Excellent and balanced review-- McCarthy :)

xMay 6, 2006 1:09 PM

"hey, just because I can respect a showman doesn’t mean I’m a commie, McCarthy"

that's just a classic.

JasperMay 7, 2006 5:46 PM

I saw this film at Frankfurt's Nippon Connection festival recently (a festival that Twitch-ers are strongly advised to go to next year - you'll basically get a far better idea of what is going on in Japanese cinema than at Udine), and I have to say, there is one point I'd disagree with you on here, which is "the filmed visits to Pyongyang feature almost no details about life in North Korea". A large portion of the film is set in her brothers' families' apartments in the capital, so as such it is the most vivid depiction of how people live on a day to day basis in North Korea that I have seen.

This is essentially a personal documentary about her father's sense of pride and national identity and her own feelings of ambivalence about her roots, rather like the film Anyong Kimchee, another personal documentary from a zainichi (Japanese-resident Korean) that came out a few years ago. It doesnt purport to give you any facts or opinions on Kim Jung Il's regime.

And this is what I liked about it. There are so many newspaper articles, sensationalist TV docs and weighted opinions given about life in North Korea, that one is forced into thinking that everyone who lives in the country is quaking under the yoke of this tyrannical dictator, that no one is proud of their country, and every single one of them is living in abject poverty and wishes to flee to a more "democratic" country. This might be true in some cases, but I am really unclear about whether this goes for everyone.

For example, you raise the issue of the powercuts that hit the country every so often. Over half the world at the very least lives in similar conditions. My parents live in Nairobi, Kenya, for example, and they have very strict power rationing there - a couple of evenings a week the electricity would just shut down, simply because there wasn't enough of it to support the population of Nairobi - and remember, Kenya is one of the wealthiest nations in Africa. HOWEVER, no one would say that Kenya is not democratic, that its citizens are living under a repressive regime, that it is part of an axis of evil and needs to be liberated, despite the fact that its population enjoys a considerably lower standard of living and an absence of things like electricity and garbage collection that we simply take for granted.Basically it is a fact of life over there. No one - apart from ex-pats like parents - complains.

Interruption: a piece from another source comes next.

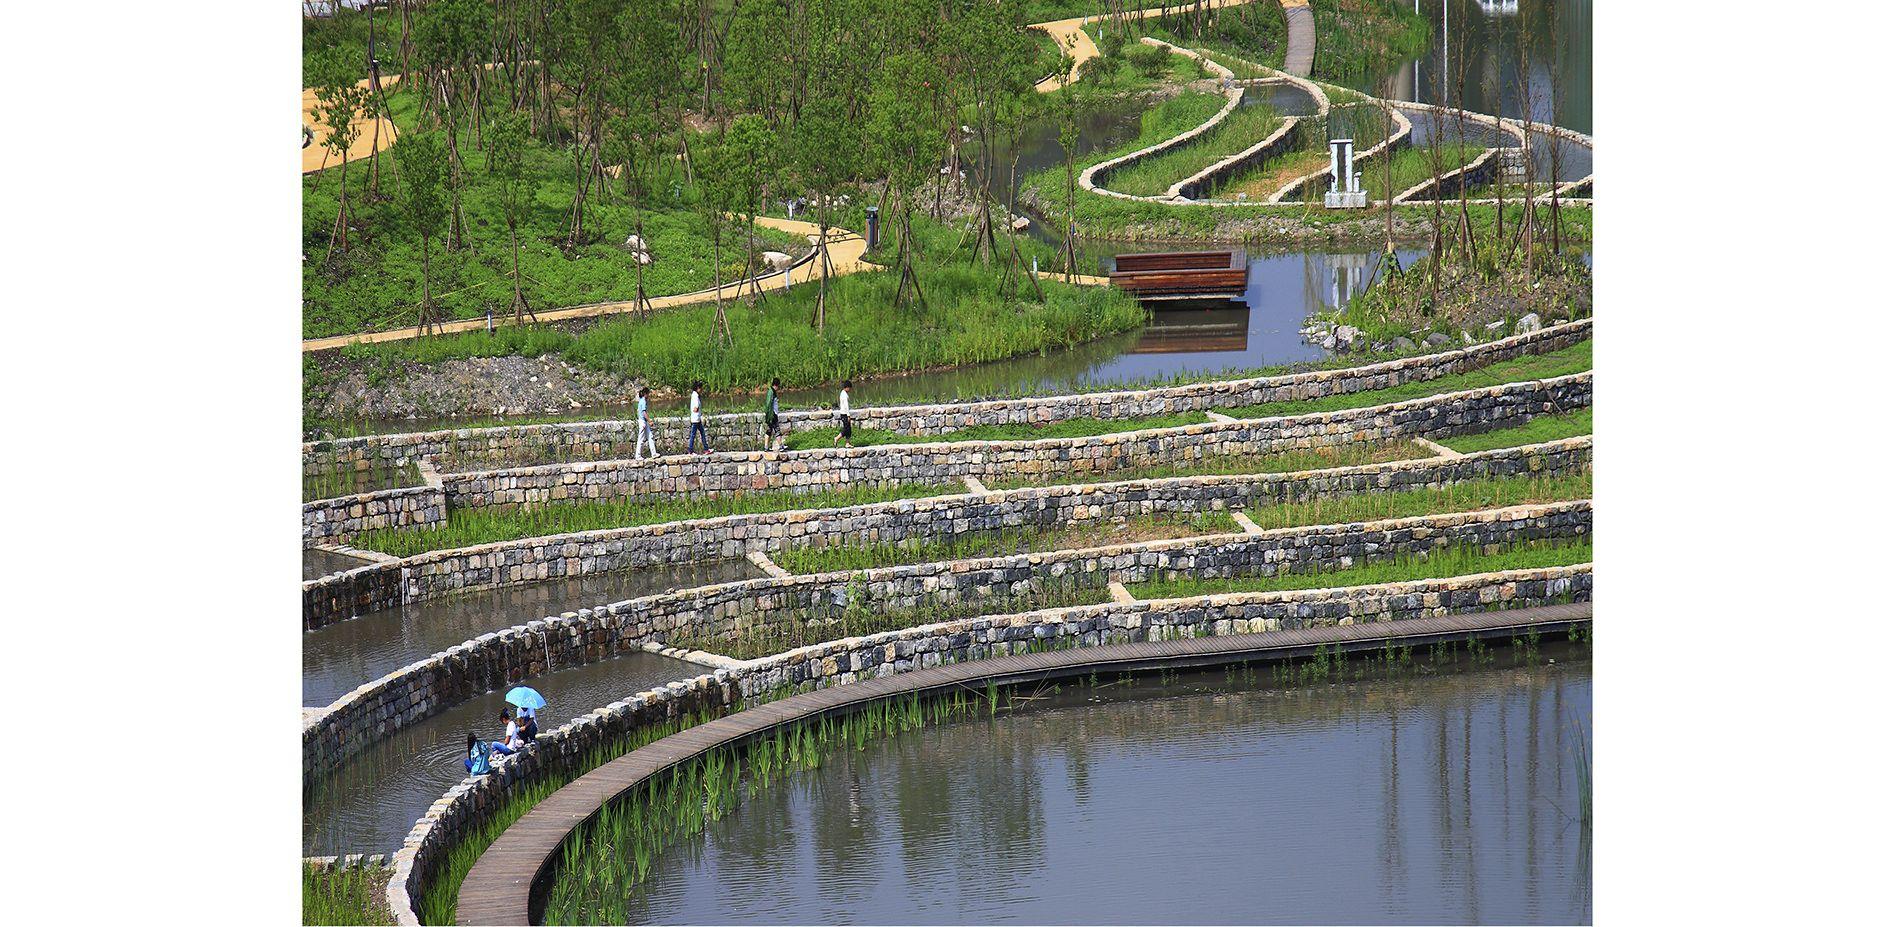 2014 Asla Professional Awards Wetland Park Urban Landscape Landscape

I am not trying to justify North Korea in any way, but as we saw from the rather volatile reaction from one reader of your last review of A State of Mind, not only is it impossible to make an unpolitical film about the country, it is also impossible to even raise the subject without inflaming political opinions. What I enjoyed about Dear Pyongyang was that it was a personal story that, by refusing polemic, told me more about the country and the people who live there than any other documentary on the country I have seen has.

misterVTRMay 8, 2006 9:42 PM

I saw this at this year's Sundance Film Festival, and met director Yonghi Yang. This is really a powerful story about family, and creating your own identity.

The director specifically said in the Q&A that there was a lot more that she wanted to say and show, but could not out of fear for the safety of her family back in North Korea. She admitted that there was a lot of self censorship in the film, and hoped that the subtleties spoke for themselves.

Despite the many criticisms in the Q&A, I really enjoyed the film.